Surviving the Statement and how alternative finance can help

It has been a rollercoaster few months for small firms and the latest fiscal statement is a blow to owners that are battling unprecedented headwinds and a relentless attack on cashflow and liquidity. Planning ahead, already difficult, now becomes even more challenging. The introduction of the latest measures and the outlook that they have now helped to paint mean that planning around access to capital is absolutely critical. This is where the services of alternative lenders can help.

In the wake of prolonged caution from traditional lenders, which is an issue that has returned during the pandemic and amid challenging market conditions in 2022, services such as invoice finance, asset finance and peer-to-peer lending are proving a vital source of capital for small businesses.

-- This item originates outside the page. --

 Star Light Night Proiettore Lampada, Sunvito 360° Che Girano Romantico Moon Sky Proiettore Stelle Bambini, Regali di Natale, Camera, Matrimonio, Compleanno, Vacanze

These facilities, which offer a more easily accessible and personalised approach to lending, are helping small businesses survive and target recovery, stability and growth. Notably, alternative lending has played a prominent role in the government’s headline emergency support schemes, including the Recovery Loan Scheme. This profile has helped cement the reputation of alternative finance in the business sector.

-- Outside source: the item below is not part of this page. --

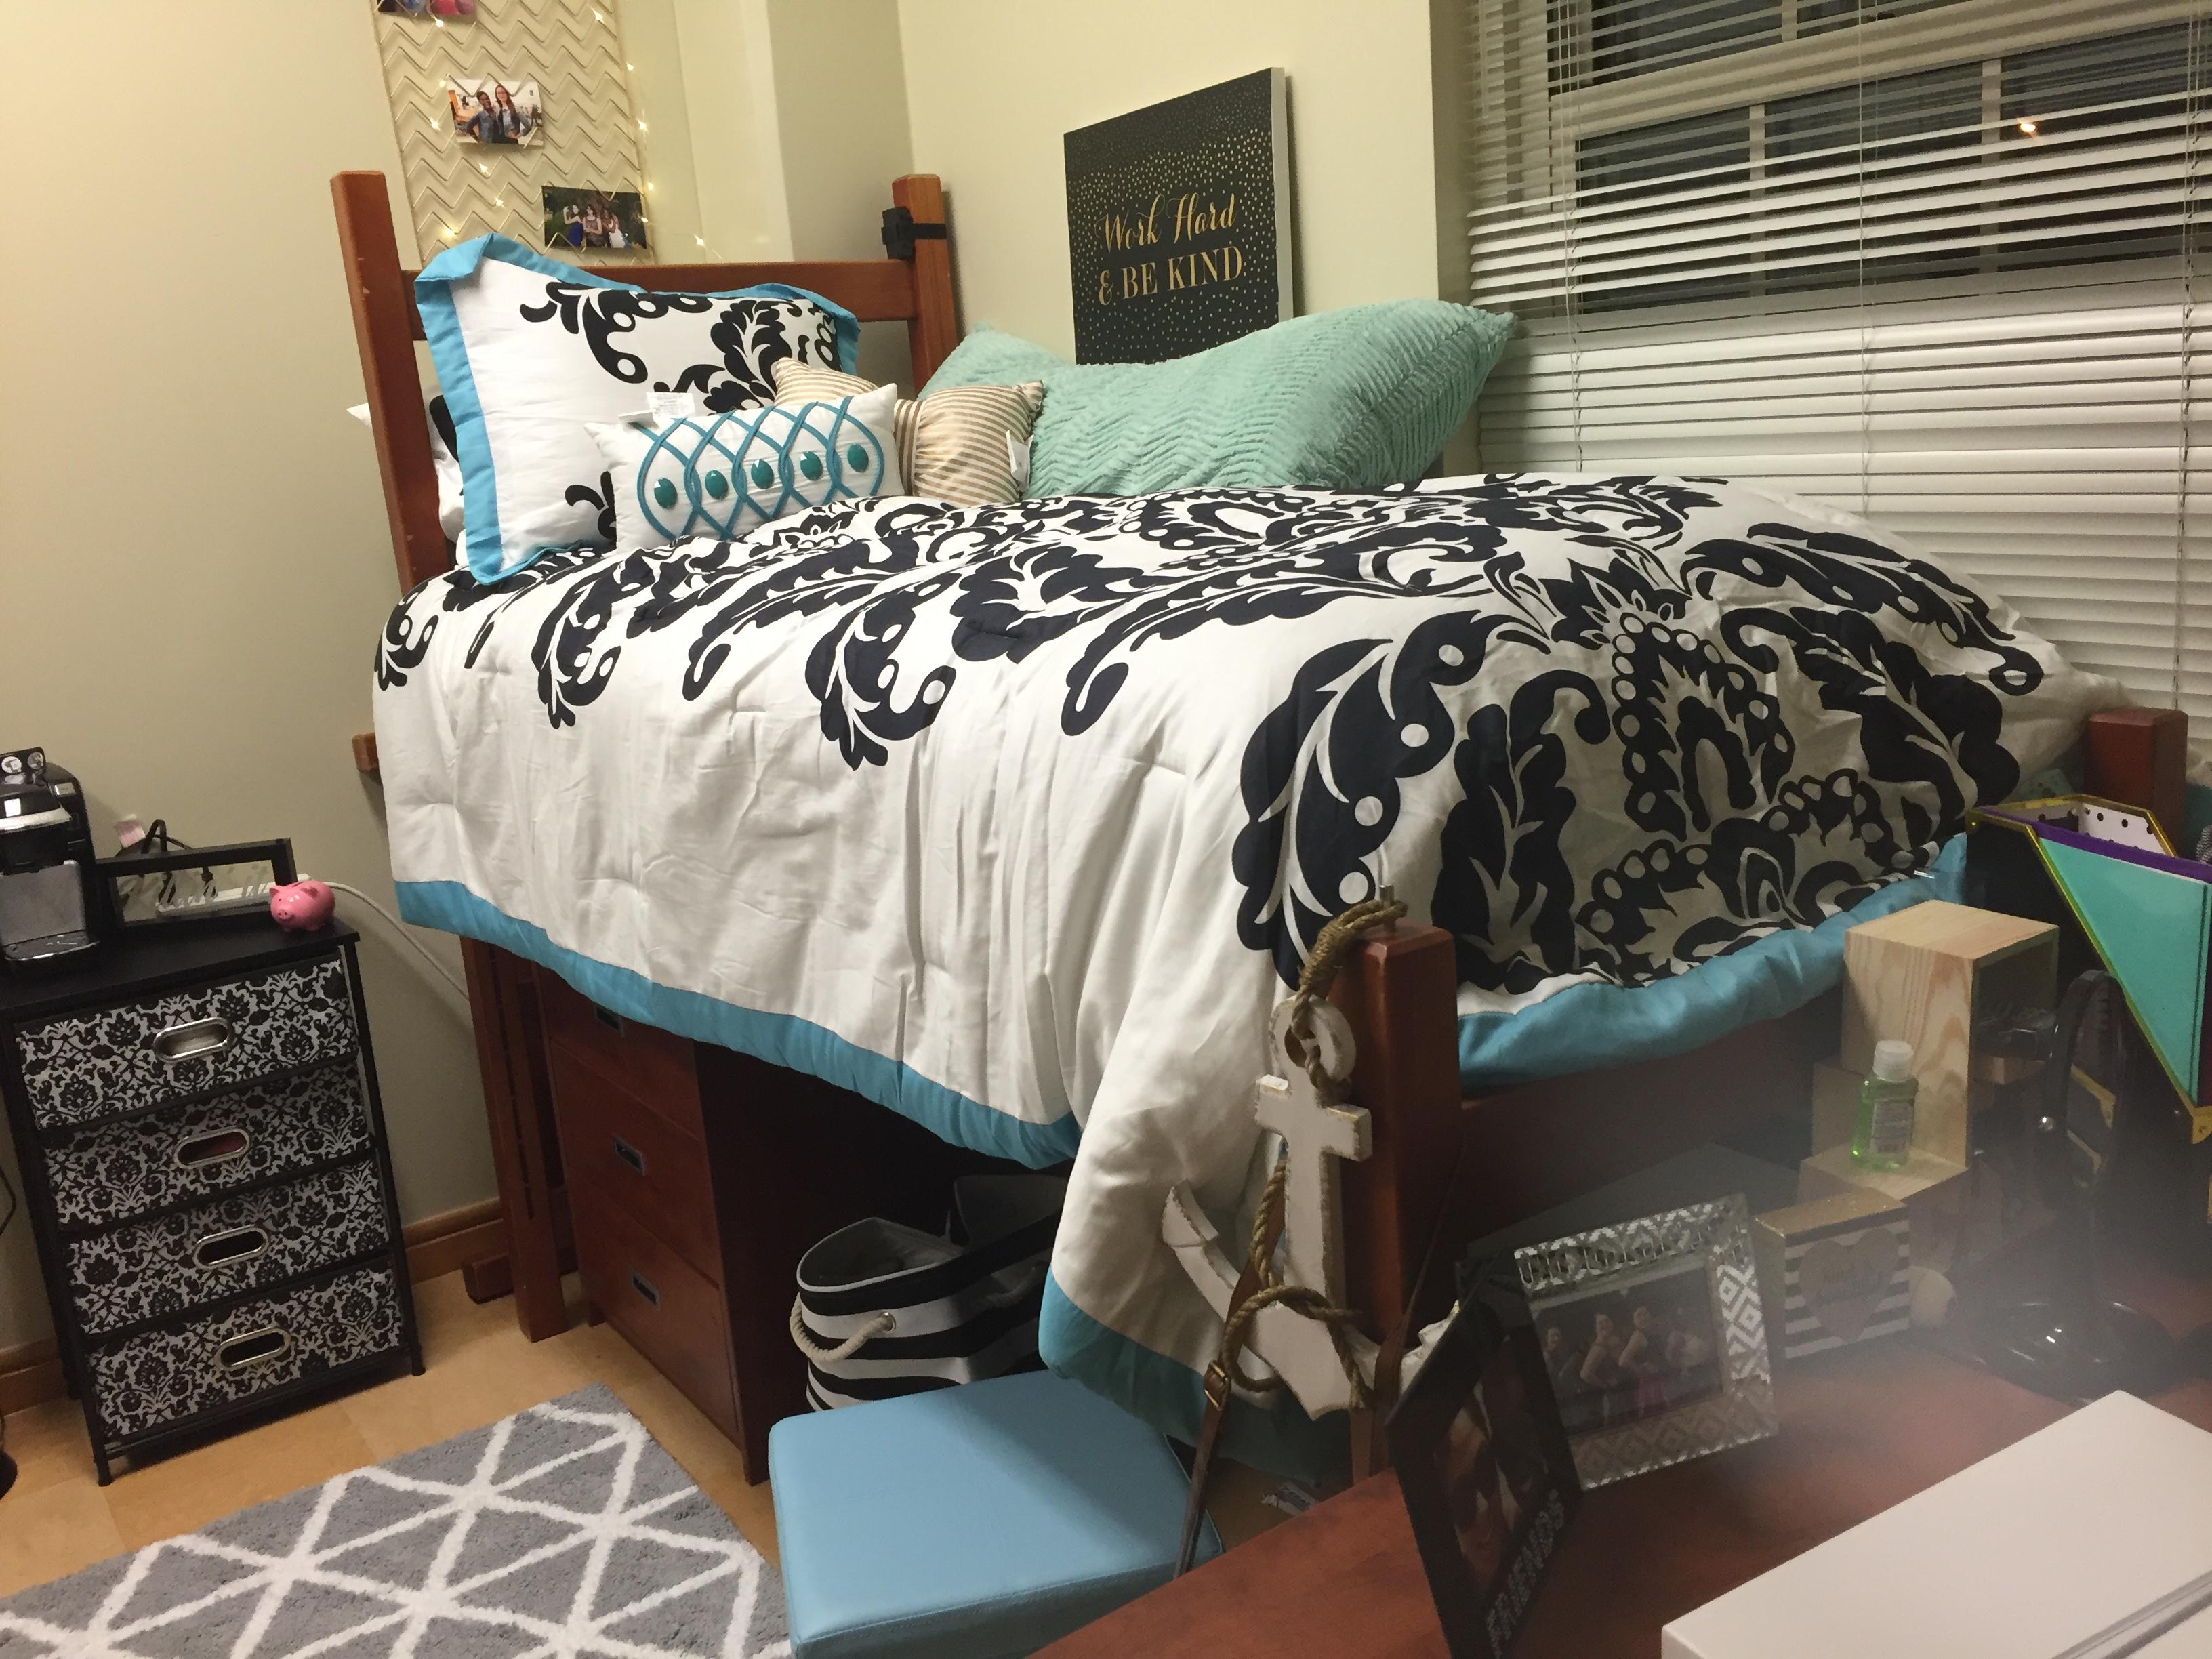 Dorm Rooms Inside Dores Vanderbilt University

Safeguarding cashflow in 2023 and small firm finance options

This time there was no U-turn from the Tory government and the Autumn Statement largely delivered what was expected for small businesses. The forecast for the sector, already tough, has got even more challenging. As such, when it comes to fiscal planning, it is important that firms are aware of all the finance options available to them, including the services of alternative lenders.